2. “Senang sekali rasanya kembali menghirup udara kebebasan. Hampir 3 bulan saya terkurung di dalam barak itu, hanya melakukan upacara pagi, menjahit, mencuci, mengepel, dan menyapu. Heran, kenapa Cuma keterampilan itu yang mereka bekali ke perempuan. Tanpa diajari pun kami pasti bisa melakukannya.
(Djenar Maesa Ayu, 2005:21)
Analisis :
Kutipan tersebut menggambarkan bahwa seorang perempuan pasti bisa melakukan pekerjaan yang seharusnya dilakukan seorang perempuan.
3. “Laki-laki menciptakan mitos perempuan ideal. Perempuan ideal adalah perawan. Padahal kenyataannya, banyak sekali perempuan yang vaginanya tidak mengeluarkan darah ketika pertama kali melakukan hubungan seksual…. Hal-hal kecil seperti mengendarai sepeda atau menari balet sekali pun bisa mengakibatkan selaput dara pecah.
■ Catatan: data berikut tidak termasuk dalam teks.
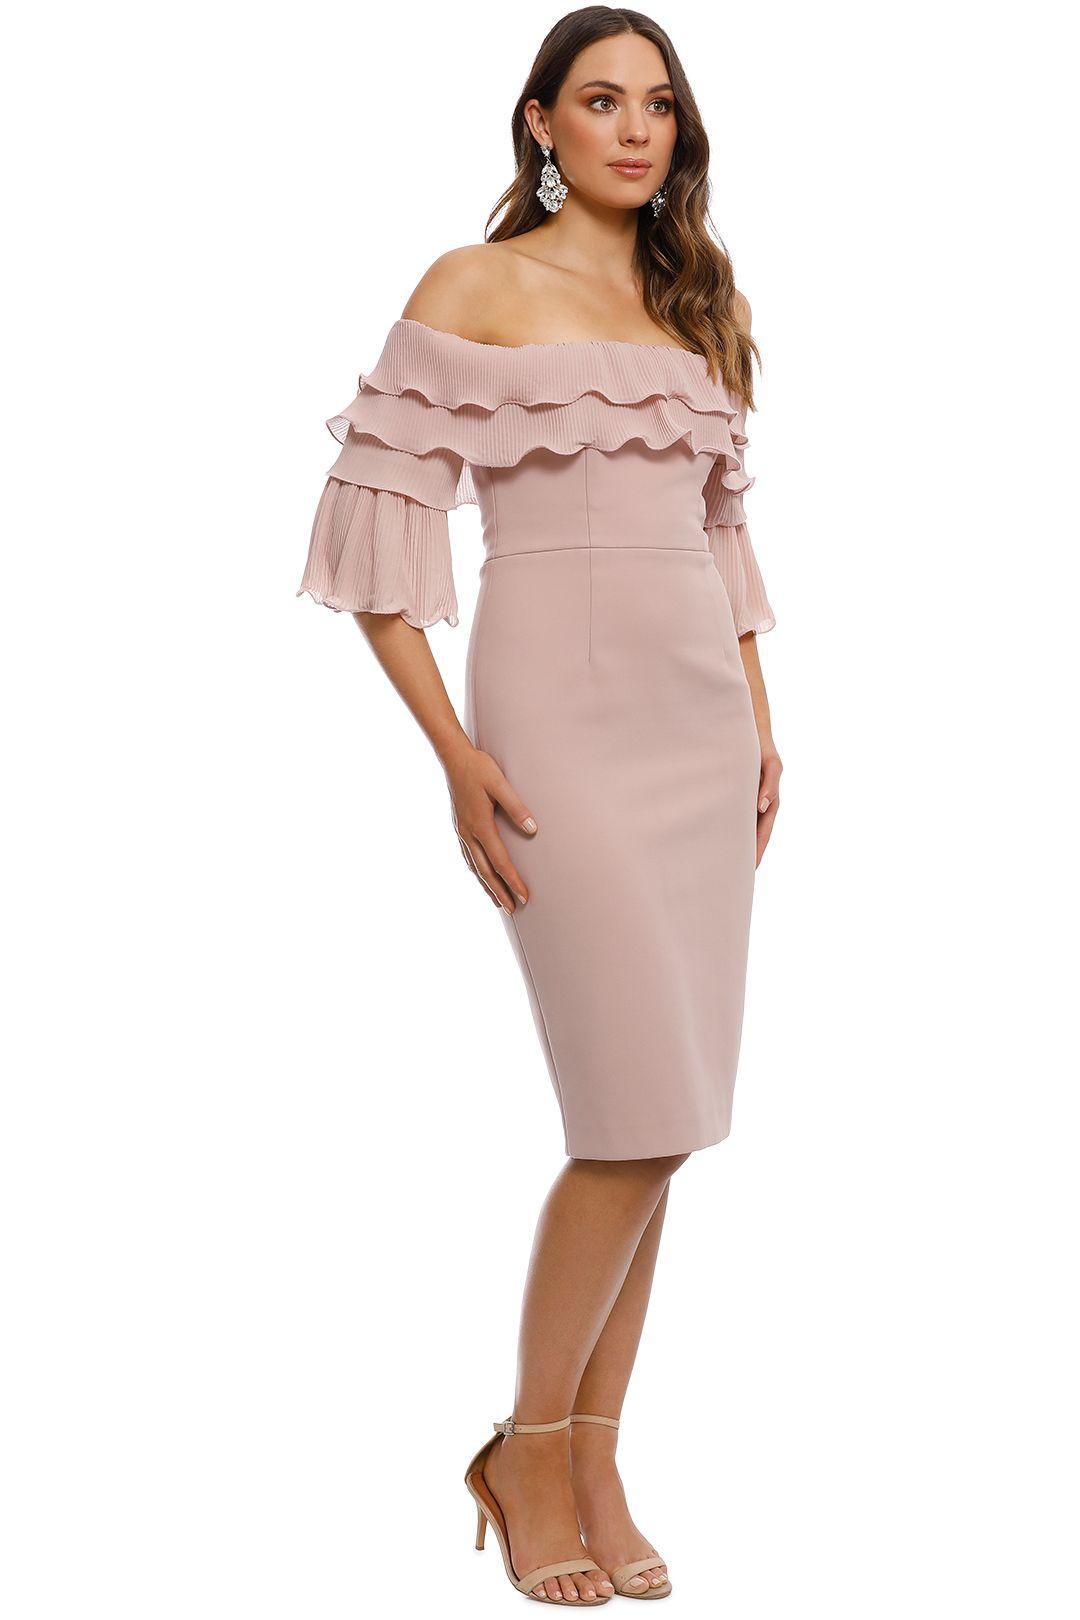 Talulah - Walk On By Off Shoulder Midi Dress - Blush - Side

Tak heran masih banyak orang tua yang tidak setuju putrinya ikut les tari balet, karena takut putrinya tak lagi suci di malam pengantin.”
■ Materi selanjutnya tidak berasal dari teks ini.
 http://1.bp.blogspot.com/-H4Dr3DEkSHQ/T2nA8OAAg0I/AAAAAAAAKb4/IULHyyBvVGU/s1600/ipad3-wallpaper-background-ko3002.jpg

(Djenar maesa ayu, 2005: 78-79)
Analisis :
Kutipan tersebut menggambarkan bahwa keperawanan bagi seorang wanita itu sangat penting.
4. “Ia memukuli saya tanpa sebab yang bisa diterima akal sehat. Karena Ibu berkuasa. Karena Ibu kuat. Saya dipukuli ketika menumpahkan sebutir nasi. Tidak rapi, kata Ibu. Tapi yang saya lihat di sekolah, anak lain kerap menumpahkan tidak hanya sebutir nasi, namun segepok nasi berikut dengan lauknya tanpa dipukuli ataupun diomeli Ibunya. Saya dijemur di atas yang panas terbakar terik matahari tanpa alas kaki, karena membiarkan pensil tanpa kembali menutupnya. Tidak bertanggung jawab, kata Ibu. Tapi yang saya lihat di sekolah, anak lain kerap membiarkan pensil mereka tak berpenutup dan orang tuanya dengan suka rela mencarikan dan menutupnya. …Ibu memang kuat. Dan saya begitu lemah untuk tidak merasa takut pada Ibu. (Djenar Maesa Ayu, 2005: 112-113)
Analisis :
Kutipan tersebut menggambarkan seorang ibu yang mendidik anaknya dengan disiplin supaya anaknya bisa berkembang menjadi pribadi yang baik dan menghargai sesuatu walaupun sekecil apapun.